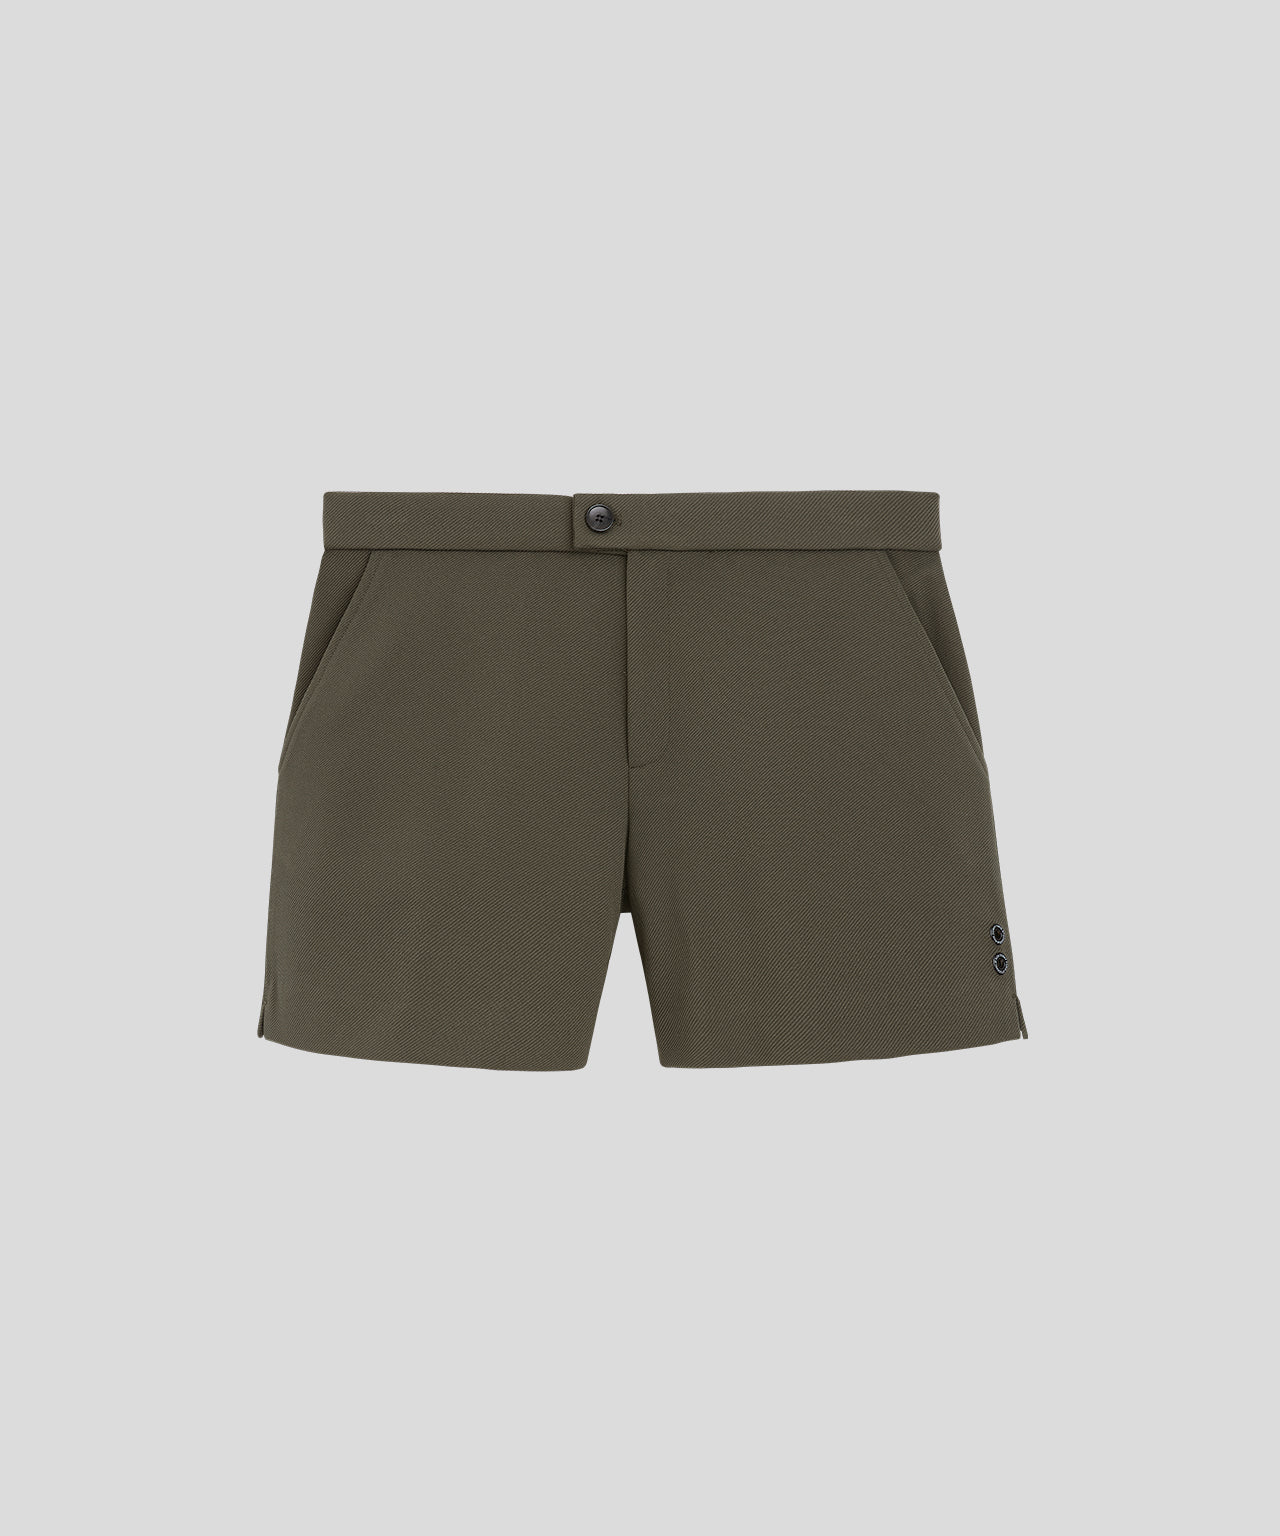 Tennis Shorts: Khaki
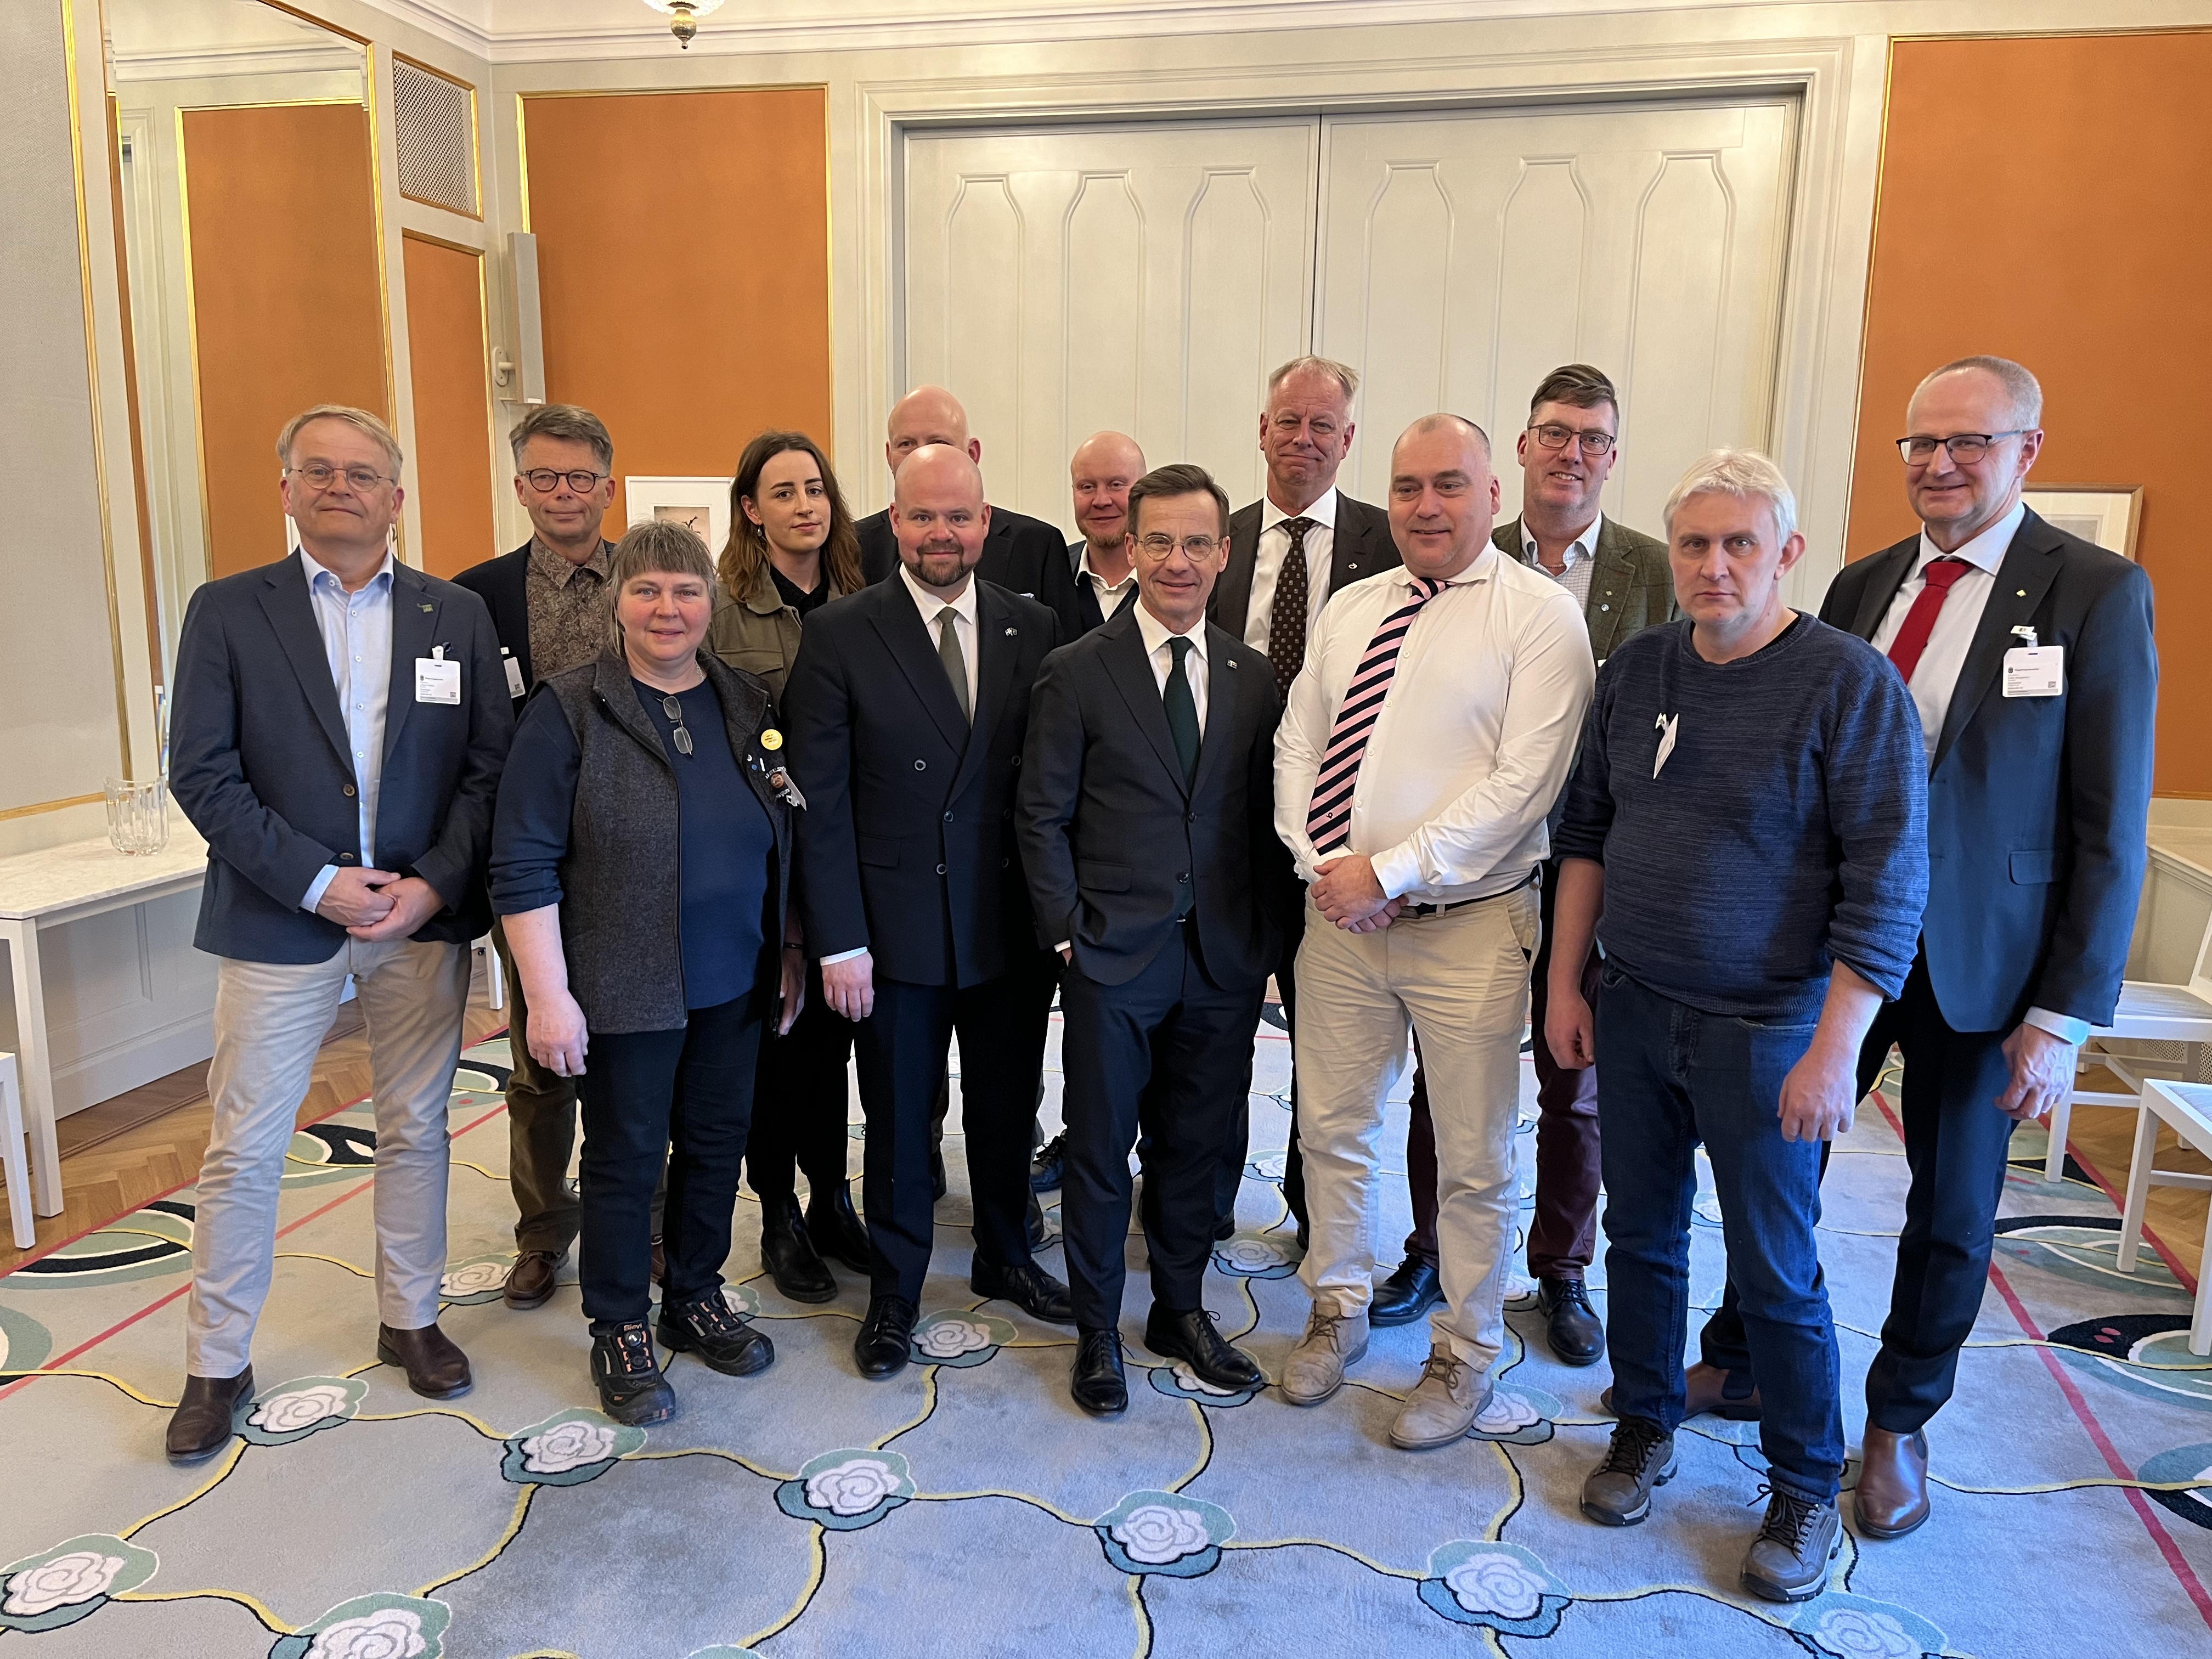 LRF medverkade tillsammans med andra branschorganisationer inom lantbrukssektorn på ett dialogmöte med statsminister Ulf Kristersson och landsbygdsminister Peter Kullgren.
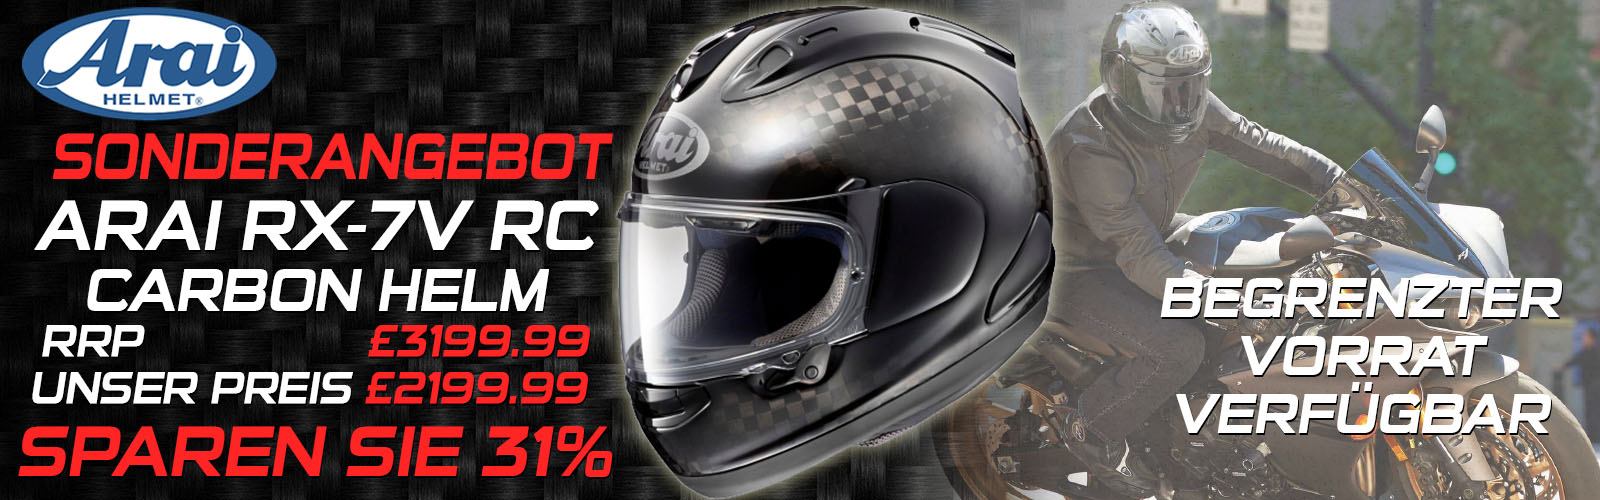 Arai RX-7V RC Carbon Helmet Special

• **Exercise**: Output the full material above exactly, leaving every picture out.

• **Answer to this exercise**:
 Tennis Shorts: Khaki
 LRF medverkade tillsammans med andra branschorganisationer inom lantbrukssektorn på ett dialogmöte med statsminister Ulf Kristersson och landsbygdsminister Peter Kullgren.
 Arai RX-7V RC Carbon Helmet Special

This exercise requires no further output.